Breaking the Tablets: Jewish Theology After the Shoah

By David Weiss Halivni, edited and introduced by Peter Ochs

Rowman & Littlefield, 144 pages, $21.95.

When John McCain was finally forced to reject publicly Reverend John Hagee’s support, he explicitly condemned some of the Christian leader’s most provocative views. Among them was Hagee’s professed belief that the prophet Jeremiah (of ancient Israel, not Chicago) warned of Hitler’s destruction of European Jewry, and that the Holocaust was a necessary prelude to the creation of Israel as well as a punishment to the Jews, for their deafness toward the Zionists’ exhortations from the late 19th century on, to abandon Europe for the Holy Land.

McCain may have been advised to distance himself from Hagee for fear of alienating conservative Jewish voters. Yet variations of these very same ideas — characterized by McCain as “crazy and unacceptable” — have been bandied about and debated by some of the world’s most influential Orthodox rabbis for decades, and are fervently held by myriad religious Jews to this day. A central tenet of the violently anti-Zionist theology of Satmar Rebbe Joel Teitelbaum was that the Holocaust was a punishment for the Zionists’ secular perfidy and impudent impatience with the tarrying messiah. On the other hand, Teitelbaum’s theological nemesis, super-Zionistic Rabbi Zvi Yehuda Kook, the spiritual father of the Gush Emunim settlers’ movement, preached that the Holocaust, as the dark side of a grand apocalyptic Divine plan, was the horribly holy, but necessary, “cleansing” (his exact term) of the Jews from the impurities of the galut (exile), and thus the precondition for the ingathering of the exiles and the creation of the State of Israel. More recently, the former Sephardic chief rabbi of Israel, Ovadiah Yosef, pontificated on Israeli radio that the Holocaust was a punishment for the sins of the maskilim, the secularized European Jews in the modern period, and — in explaining its million martyred children — for the transgressions of their non-Orthodox ancestors whose souls had been reincarnated to possess their otherwise innocent little bodies.

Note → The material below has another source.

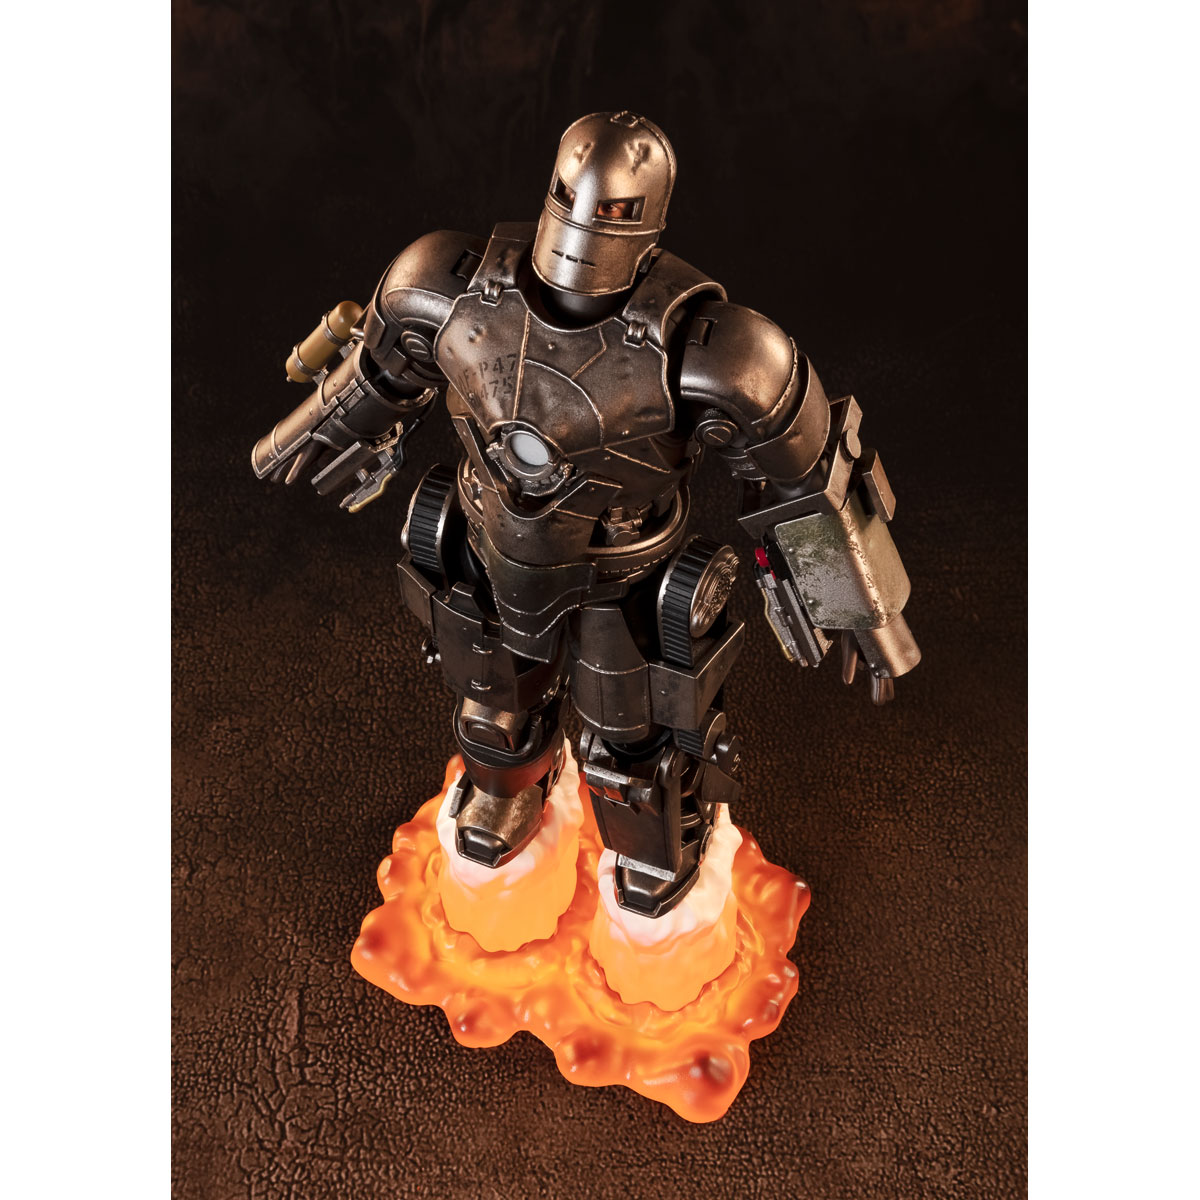 Bandai Spirits Iron Man 2 S.h Figuarts Action Figure War Machine for sale online 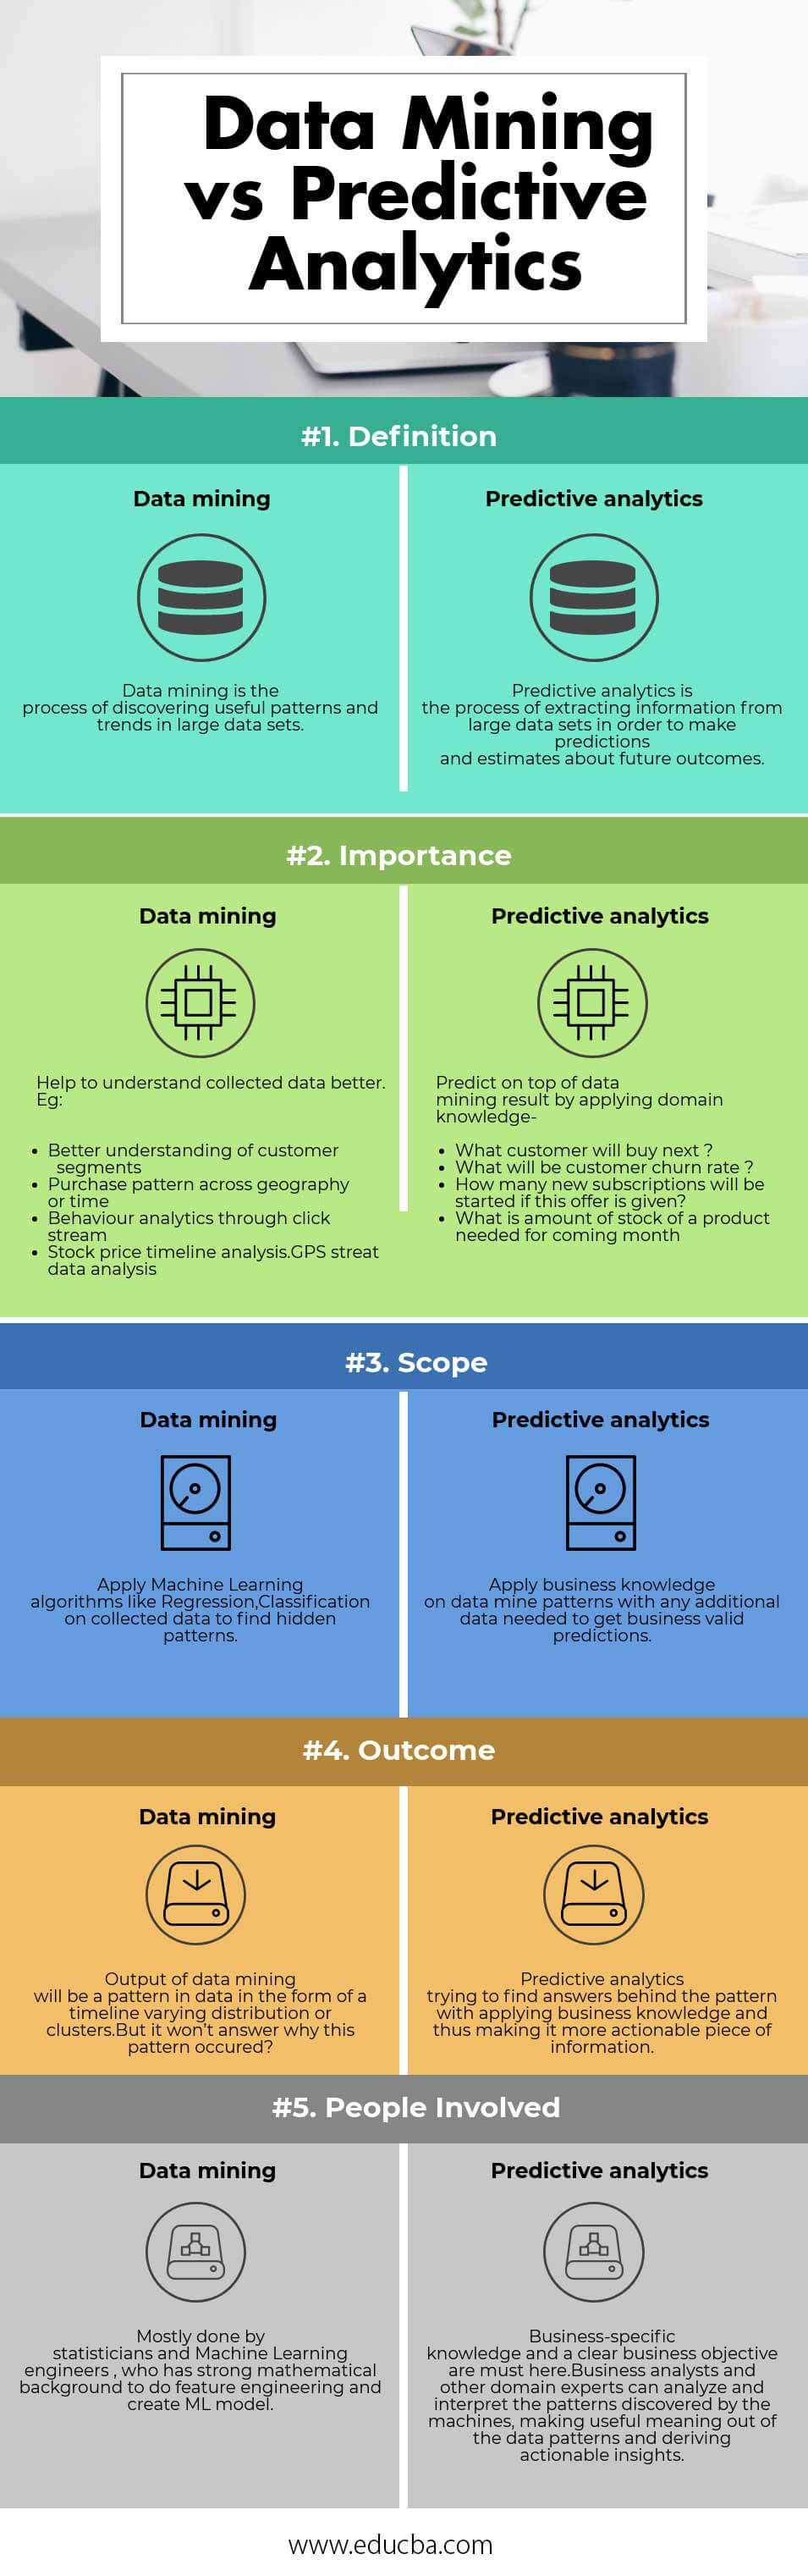 Predictive Analytics vs Data Mining

It is to such theologizing — shared by an assortment of evangelical Christians “united for Israel,” Orthodox Jewish Zionists and Hasidic anti-Zionists — that the first section (“Prayer During the Holocaust”) of Rabbi David Weiss Halivni’s powerful collection of essays, “Breaking the Tablets: Jewish Theology after the Shoah,” is largely directed. This essay was originally commissioned by Israel’s Yad Vashem Holocaust Institute as an introduction for the publication of the personal manuscript transcribed from memory by the Satmar hazan, Naftali Stern, to lead services in the Nazi labor camp at Wolfsberg for Rosh Hashana 5705 (1944), at which Halivni was present. In it, he reminisces about the transformative effects of that experience, but also offers a compelling, scholarly repudiation of Yosef’s suggestion that the mass murder of Jewish children somehow reflected the will of the God of Israel.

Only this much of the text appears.